# People who live in warm places



## Oceanic Flight 815 (May 31, 2011)

For people who live in warm places (I live in Florida) how often do you have to use a heat lamp? We have the air running most of the time and my room is around 73-76 (depending on have wide my air vent is open) but if I have the air vent closed in my room its 77-82 degrees, depending on how hot it is. So I guess I would have the air vent at least partially open and monitor the temp during the hot months. It generally is a stable temp year round.

Temp in the winter is definitely too cool for hedgies so I know I'd have to have a heat lamp going but what watt bulb for mid 60's to low 70's? 75 watt? 90 watt? Assuming the distance between the lamp and the bottom of the cage is 2 ft.


----------



## Judi (Jul 9, 2009)

I keep my house at 72-73 year round and do not use a heat lamp for my hedgies.
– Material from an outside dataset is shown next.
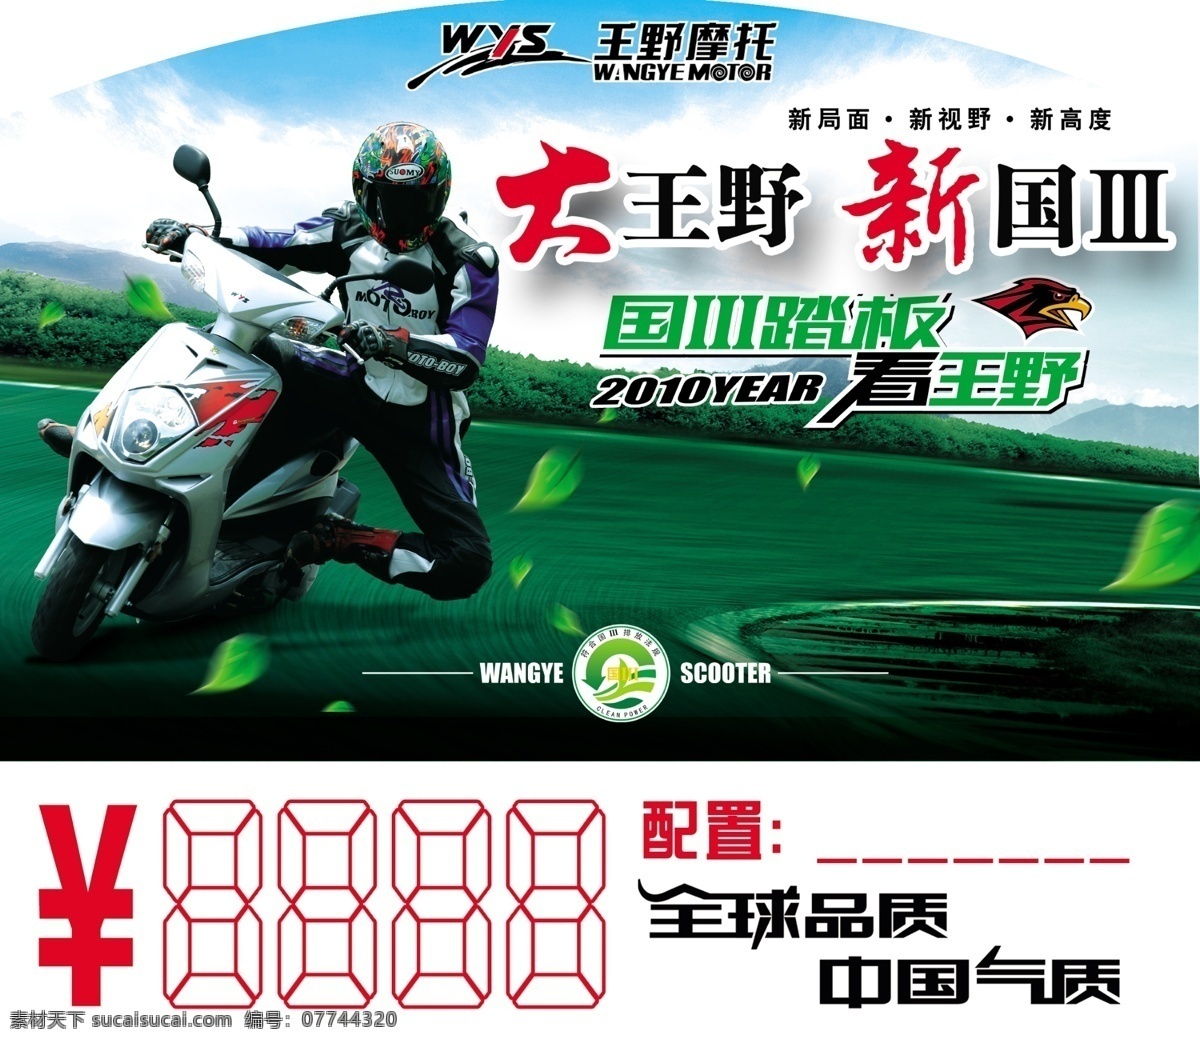 摩托车海报 摩托车 天空 绿叶 白云 人物 赛道 王野 广告设计模板 源文件

I've got bad arthritis and having a constant temp in the house helps me enough that I just run the heater in the winter and the ac the rest of the time (which is about 10 months out of the year where I live).


----------



## CritterHeaven (Feb 21, 2011)

I have a ferret nation and use two CHEs, each 150w. Probably overkill but i wanted even heat across the entire cage. I have them plugged in to a thermostat and have a digital thermometer in the cage. I set the thermostat so that the CHEs turn off above 75. 

Since summer onset and the ac coming on, the CHEs have not come on. My house temp is 78 and the cages are right around that. But winter my house is 70 and the CHEs were on often.

Btw, the fn cage is 36 long by 24 wide. Not sure offhand how tall it is.


----------